An efficient solution to this problem employs the use of vectorized CPU instructions (like AVX/AVX2) which can scan several bytes at a time looking for a sentinel value or matching a byte mask. So instead of 1 instruction per input byte, you have 1/n. Your C runtime library probably has assembly implementations of memchr(), strchr(), and similar functions and automatically chooses the newest/fastest assembly/instructions supported by the run-time CPU (glibc does).

In theory, compilers recognize such patterns and emit modern vectorized instructions automagically. In reality, because the default target ISA of compilers is relatively ancient compared to what your CPU is capable of (see previous section), you are stuck with old instructions and linear scanning. Your best bet is to stick with functions in the C runtime that are probably backed by assembly. (Although watch out for function call overhead.)

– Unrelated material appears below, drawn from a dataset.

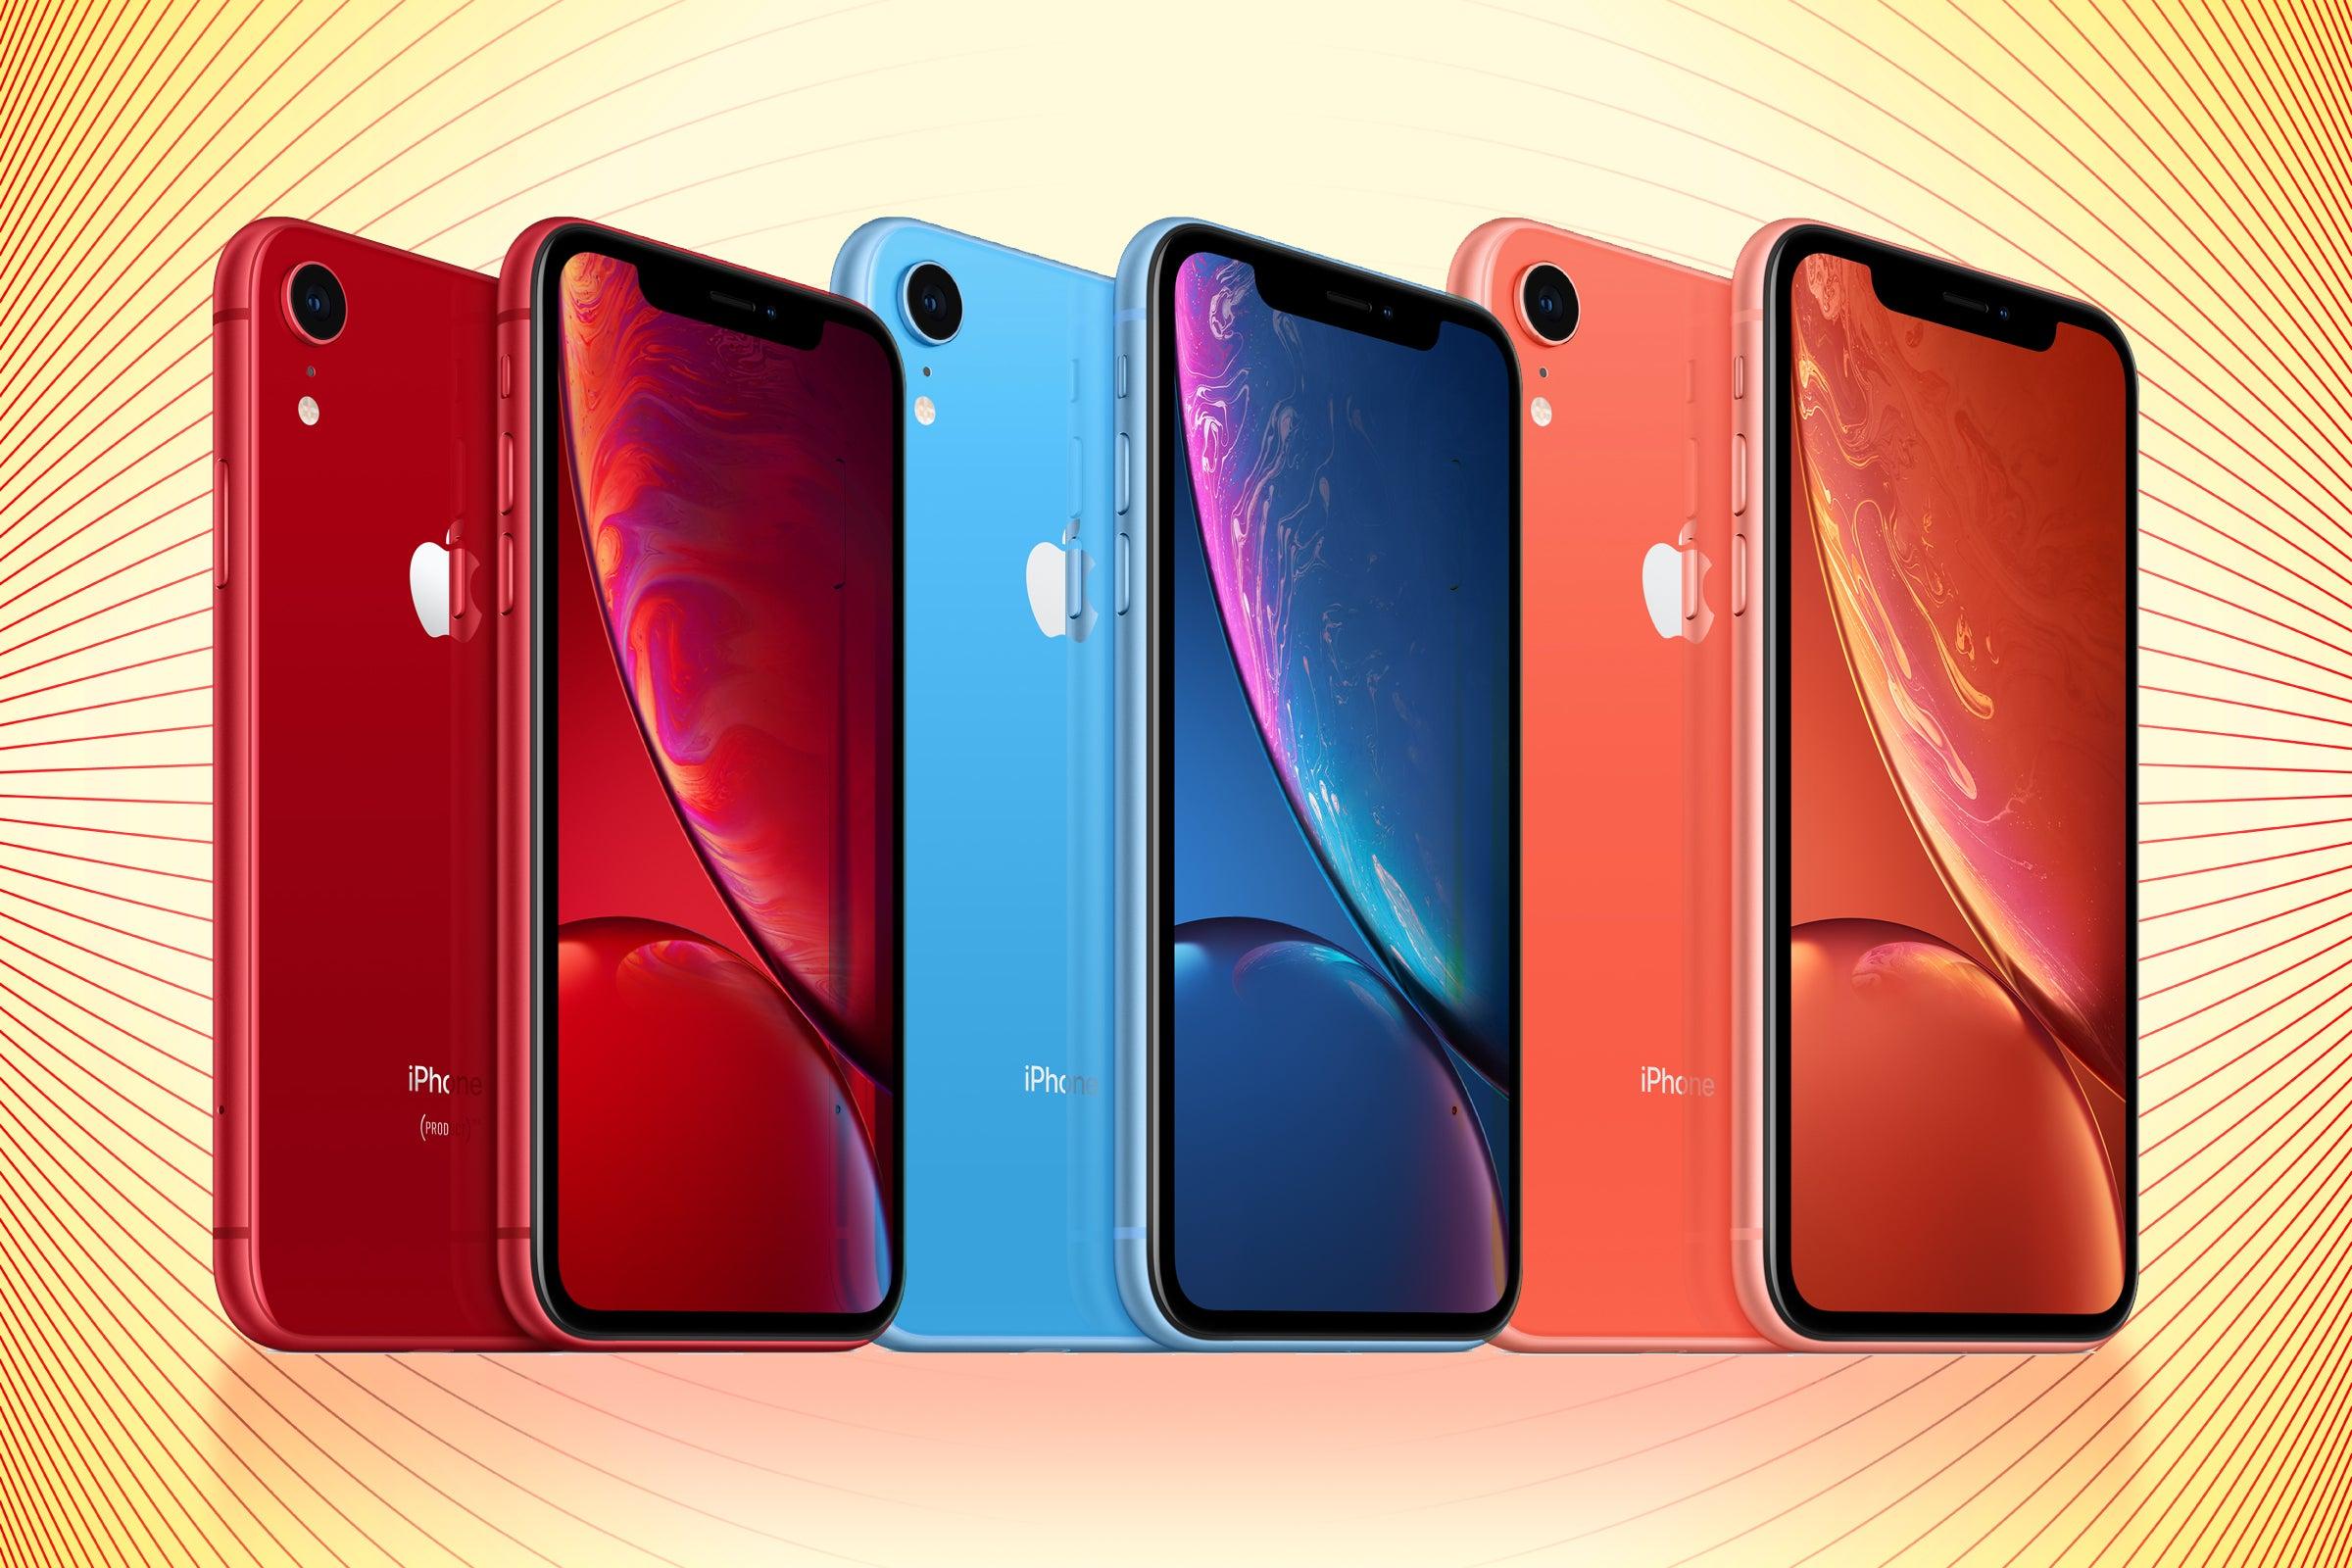 The 5 best smartphones for business in 2019 | Computerworld

Another culprit causing inefficiency is hashing each line. The hashing is performed to reduce equivalence testing to a u32/u64 compare rather than strcmp(). Many implementations don't seem to give much consideration to the hashing algorithm, using something like crc32 or djb2. An inefficiency here is many older hashing algorithms operate at the byte level: you need to feed in 1 byte at a time, update state (XOR if often employed), then feed in the next byte. This is inefficient because it throws away the instruction pipelining and superscalar properties of modern CPUs. A better approach is to use a hashing algorithm that digests 4, 8, or more bytes at a time. Again, this lowers run-time from ~n cycles per byte to ~1/n.

Another common inefficiency is computing the lines and hashes of content in the common prefix and suffix. Use of memcmp() (or even better: hand-rolled assembly to give you the offset of the first divergence) is more efficient, as again, your C runtime library probably has assembly implementations of memcmp() which can compare input at near native memory speed.

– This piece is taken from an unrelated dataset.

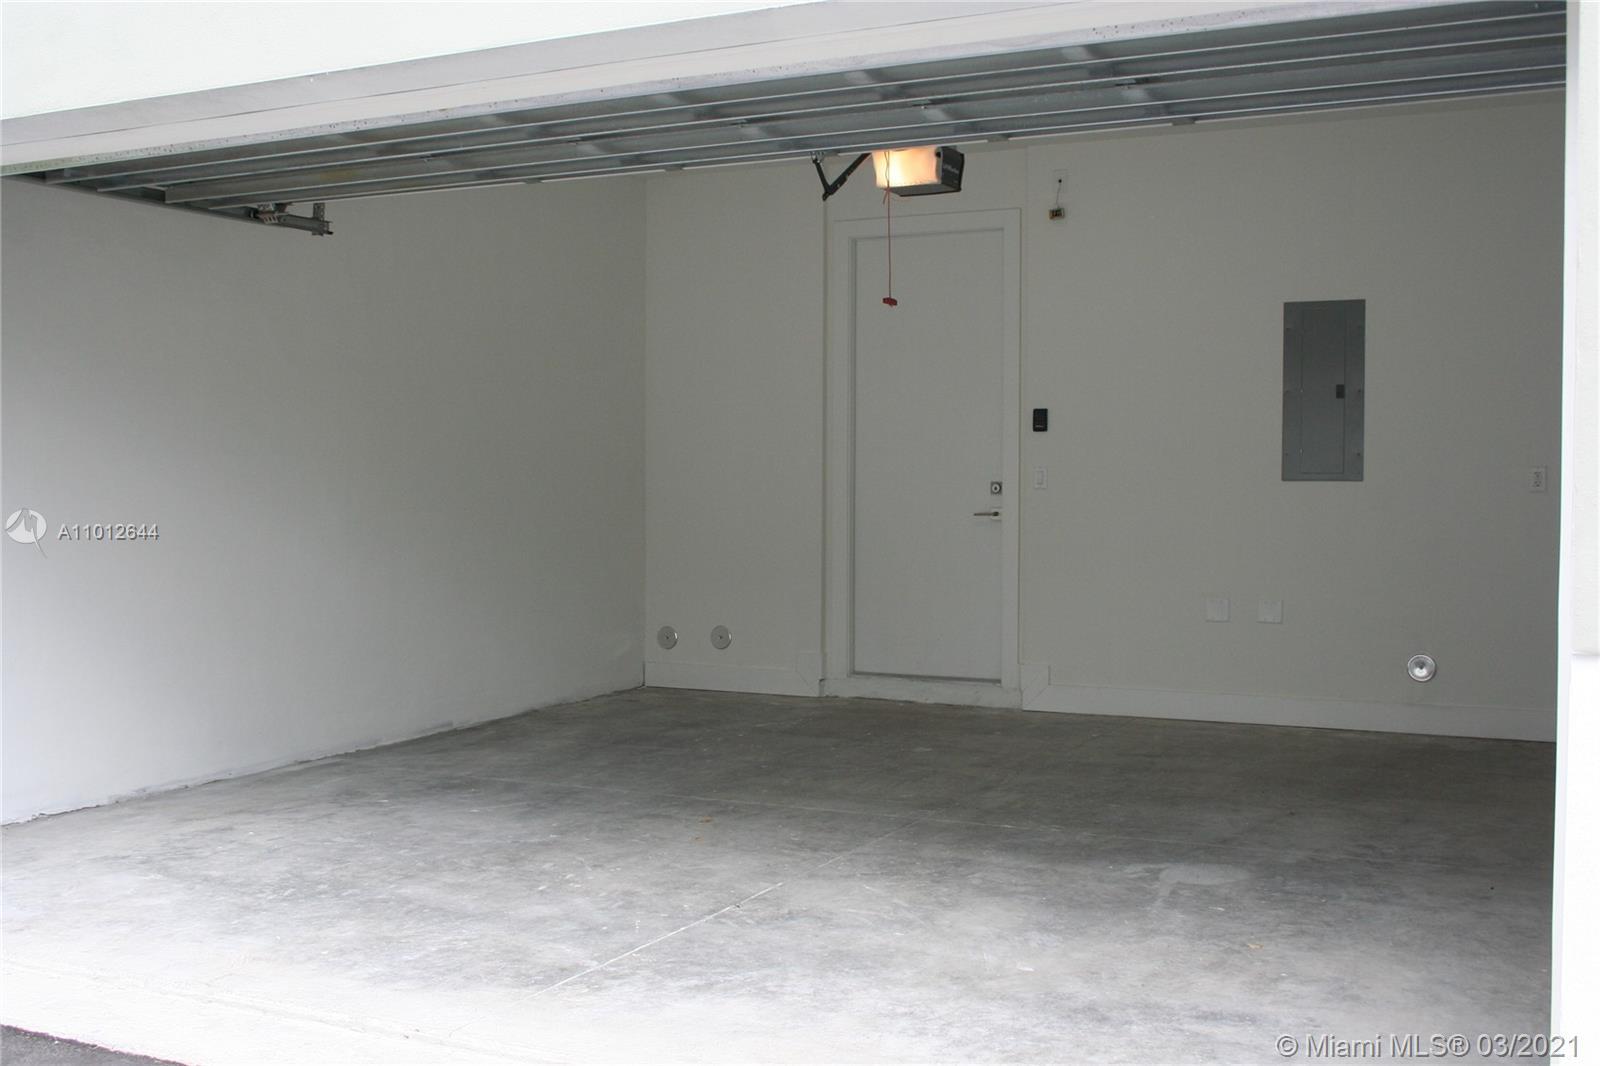 1,2,3,4,5,6,  /   sq. ft. $ 2021-03-13 0 Photo

I quite enjoy this example because it demonstrates that something that is seemingly O(n) is slower than O(nlog(n))/O(n^2). This is because often the result of the optimization reduces the n of the expensive algorithm to such a small value that the computational complexity is trivial. Compilers targeting ancient microarchitectures and failing to leverage vectorized instructions which unlock superlinear performance further shift the time towards the O(n) optimizations.

Conclusion

Computers and software can be surprisingly slow for surprising reasons. While this post was long and touched on a number of topics, it only scratched the surface of potential topics. I could easily find another 10 topics to write about. But that will have to be for another post.

Before I go, if you find inaccuracies in this post, please shoot me an email (address in resume in site header) so I can correct the post, as I don't want to unintentionally mislead others.

Also, computers and software are complex. When it comes to performance and optimizations, always be measuring. The issues I described could be manifesting in your software and environments but the effort to address them may not be worth the reward. Computers and software, like life, are full of trade-offs. Performance is just one trade-off. Please don't cargo cult my advice without measuring and applying critical thinking first.